§ **Exercise requirements**
Omit all pictures, and print word for word only the lines from the one containing "A Super Blood" through the end of the data.

[Exercise data — start]

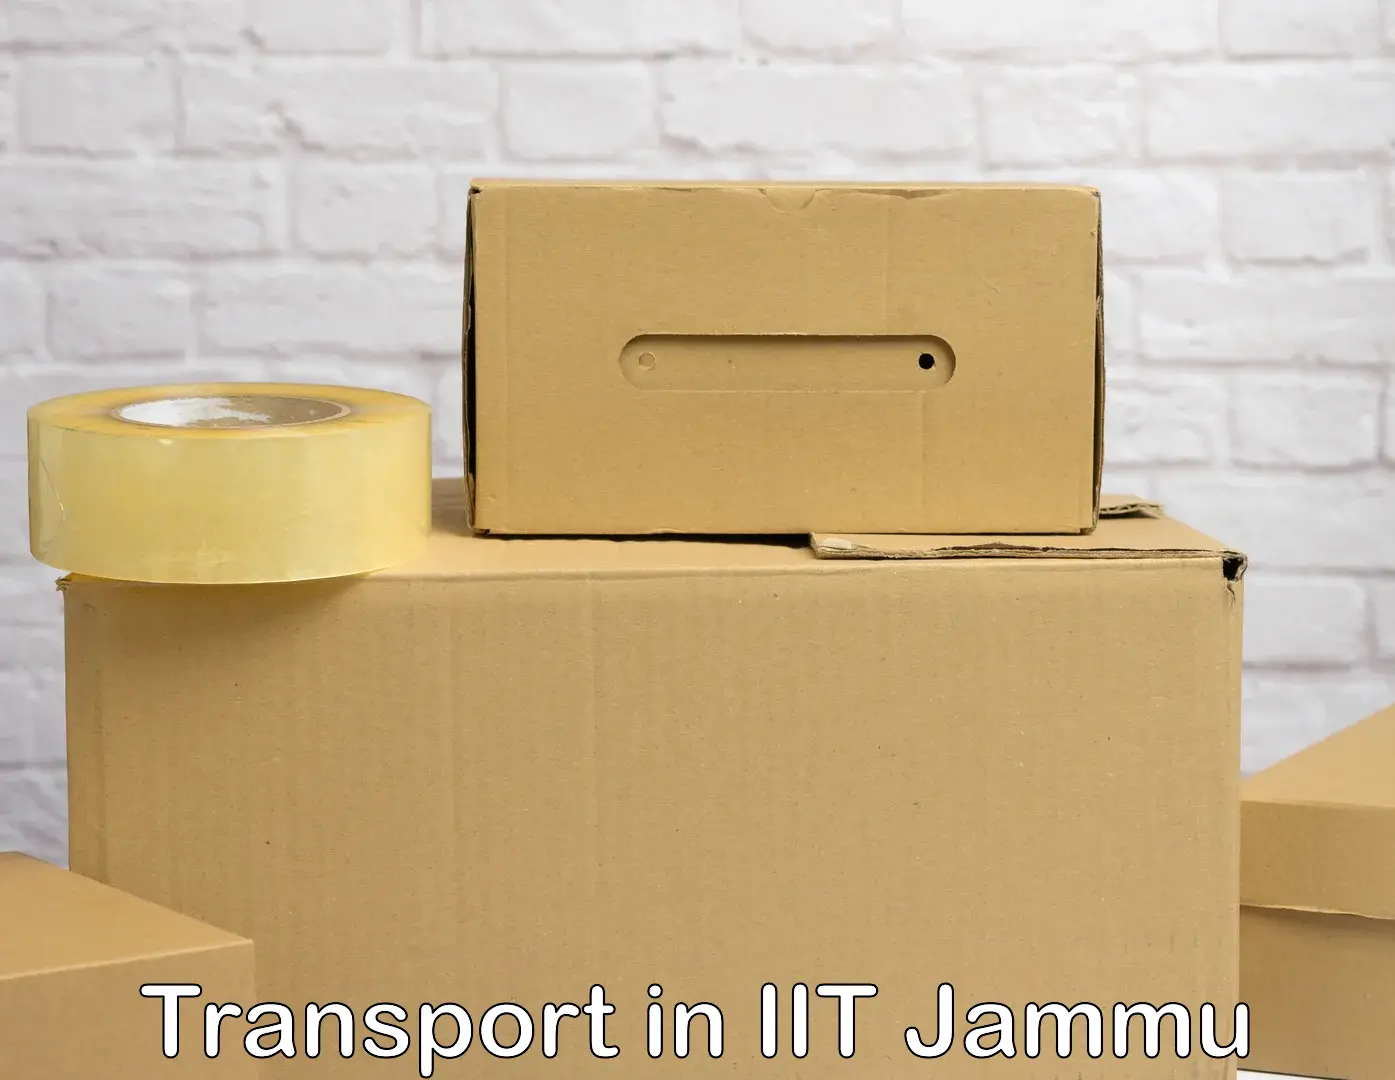 Bike transfer in IIT Jammu
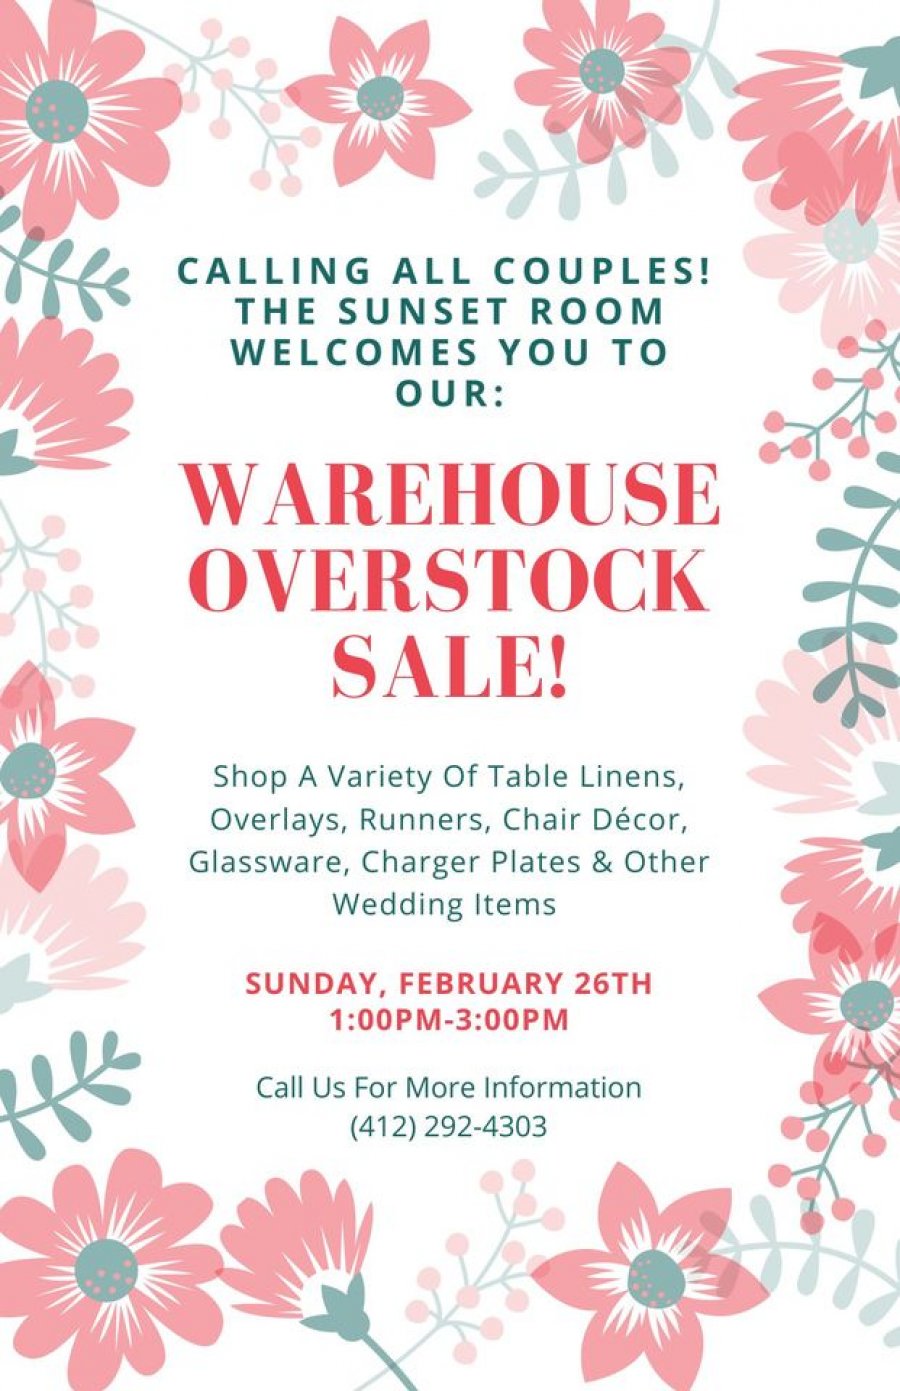 Sunset Room Warehouse Overstock Sale
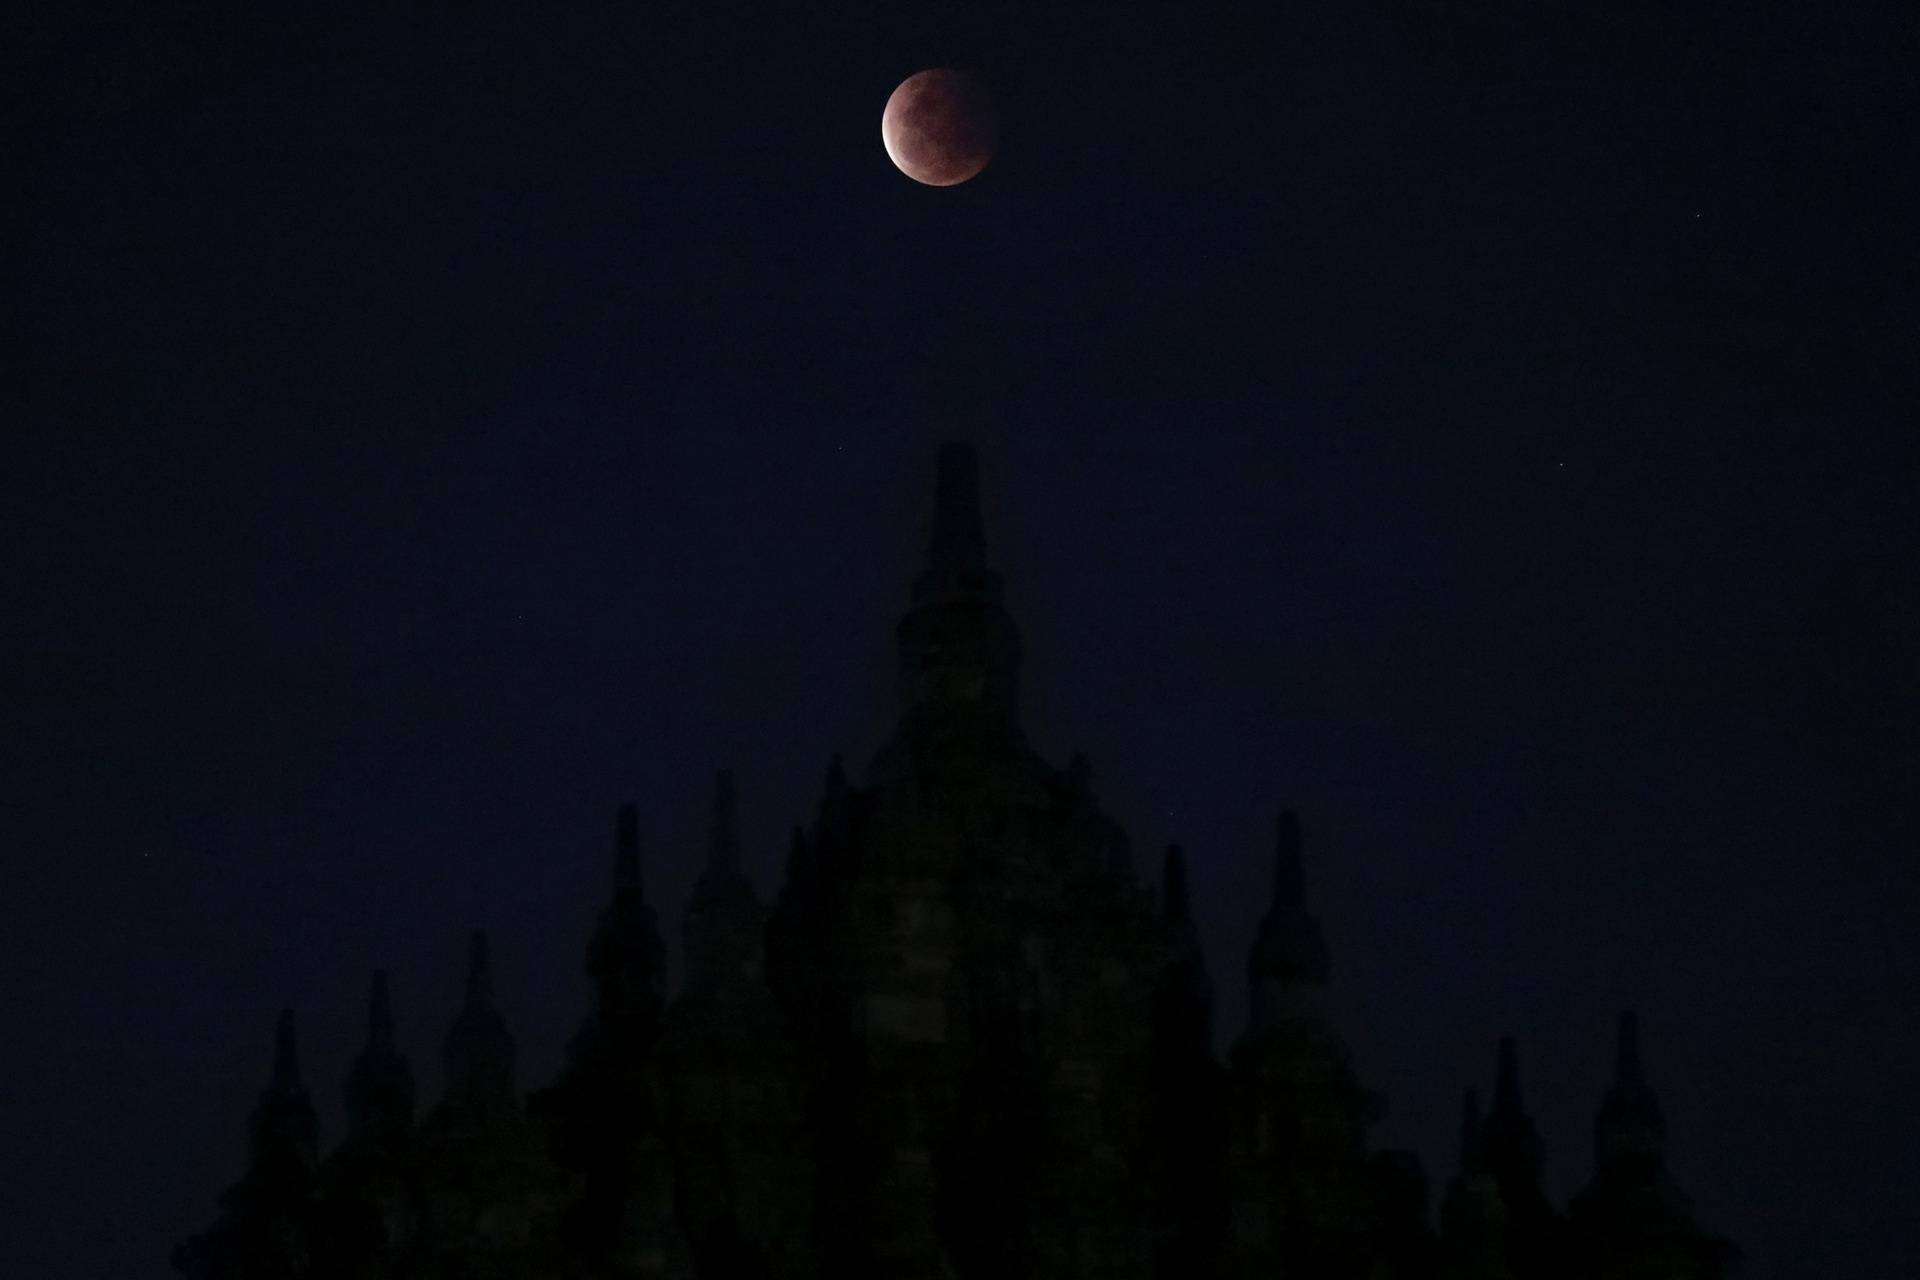 A Super Blood Moon rises over the Plaosan temple during total lunar eclipse in Klaten
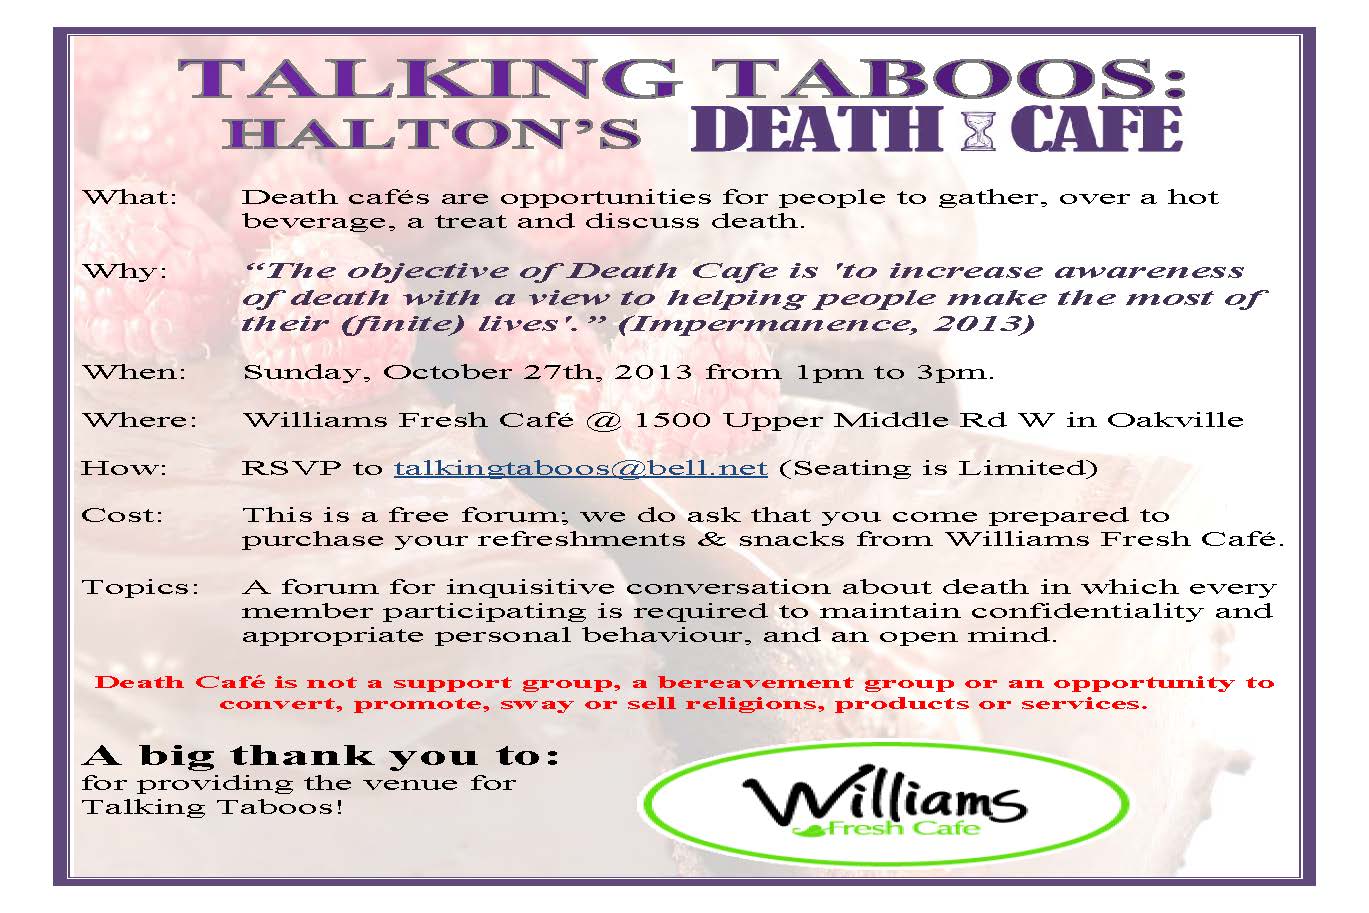 Halton's Death Cafe

[Exercise data — finish]

§ **Solution to this task**
 A Super Blood Moon rises over the Plaosan temple during total lunar eclipse in Klaten
 Halton's Death Cafe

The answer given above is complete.